Morality as universal is not born into humans. It is learned and is connected to cognition as it requires the combination of reason, logic, evidence and feelings/emotions.
But it still doesn't make it universal/common as e.g. gravity. It just means that a given person holds a set of universal values. Note that it is practice properly not possible, but rather stage 6 is an ideal to shoot for.
Further for the 10 to 15% of humans, who can do this in principle, because of the required cognition, they don't share an exact set. The individual sets only overlap to a certain degree.

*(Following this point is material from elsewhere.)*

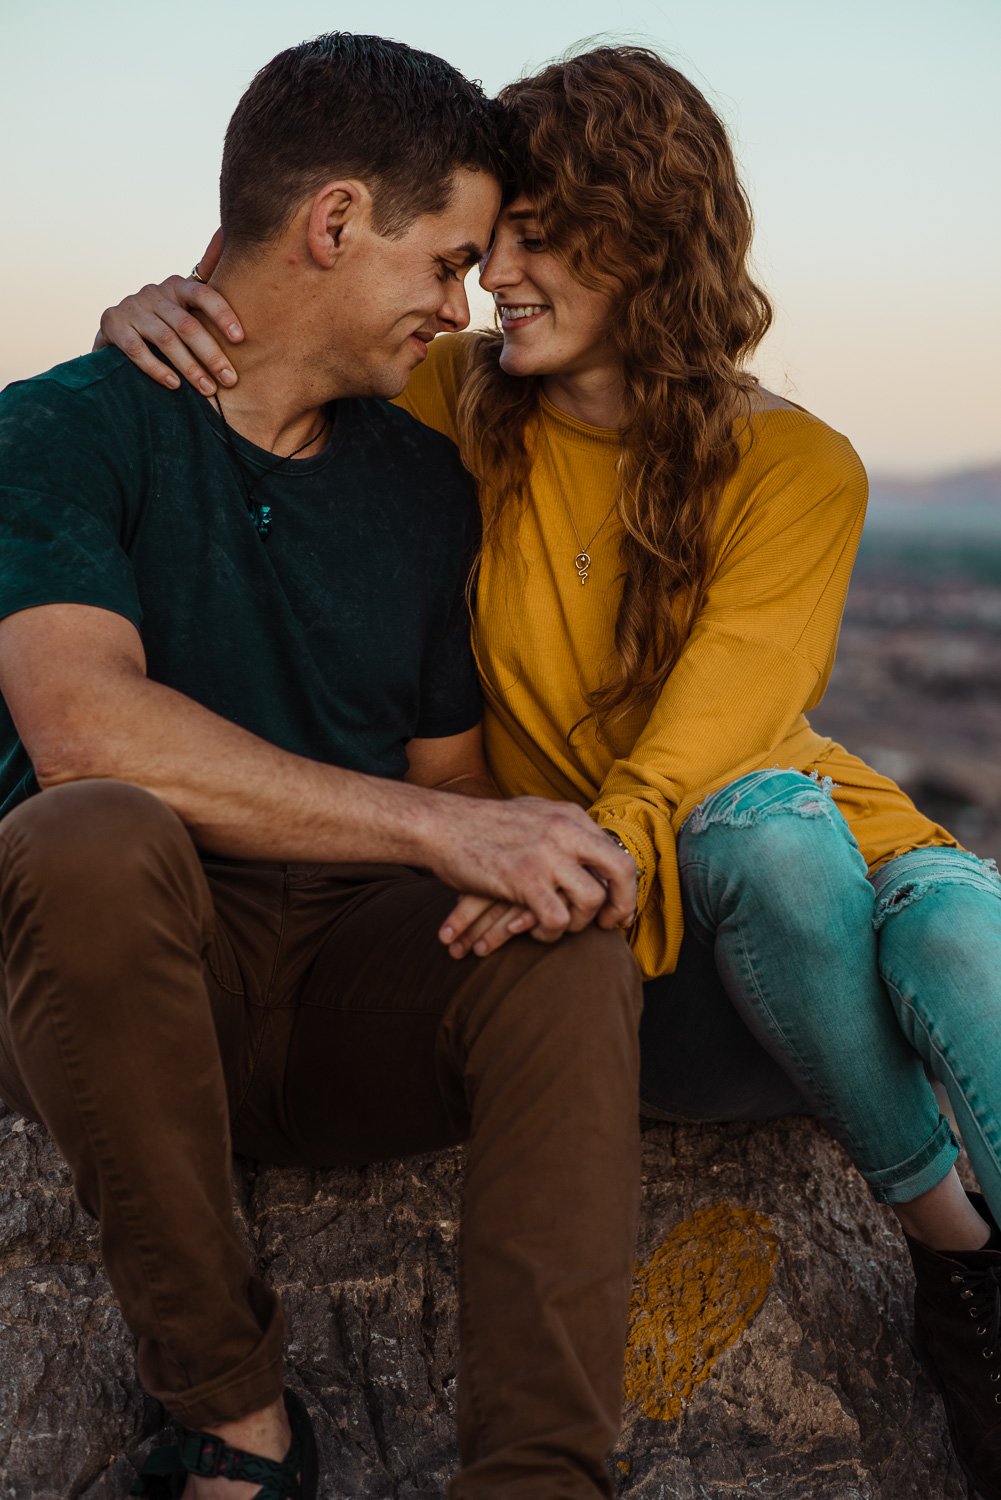 couples photography in las vegas at lone mountain during golden hour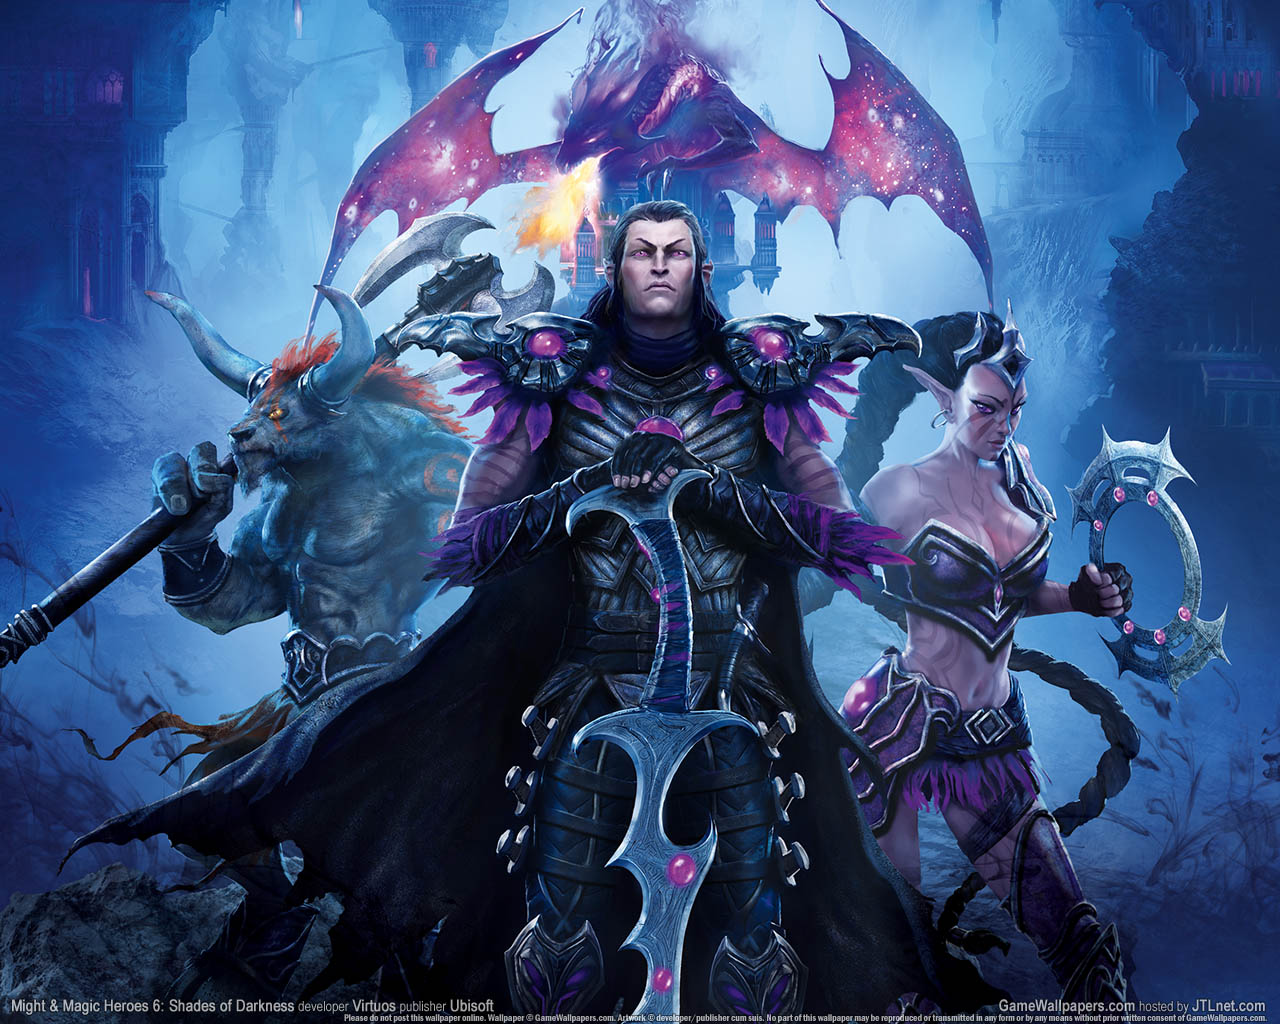 Might %2526 Magic Heroes 6%253A Shades of Darkness achtergrond 01 1280x1024

So here is an example of such a set of principles. Note they are not rules, they are guiding principles.
https://www.uua.org/beliefs/what-we-believe/principles
Notice in the link: What we believe!!!

Regards
 
it's possible to be an expert on a fictional character. I would consider some Christian Theologians to be experts on Jesus. I would say my brothers son is quite the expert on Spiderman.
If Hawking had an interest in and spent time reading and thinking about the concepts and beliefs relating to gods (as he may have done) then he would also be an expert on gods?

Are Christian Theologians that conclude Jesus actually was the son of a god any more of a "Jesus expert" than those that conclude he wasn't (even if he existed at all)?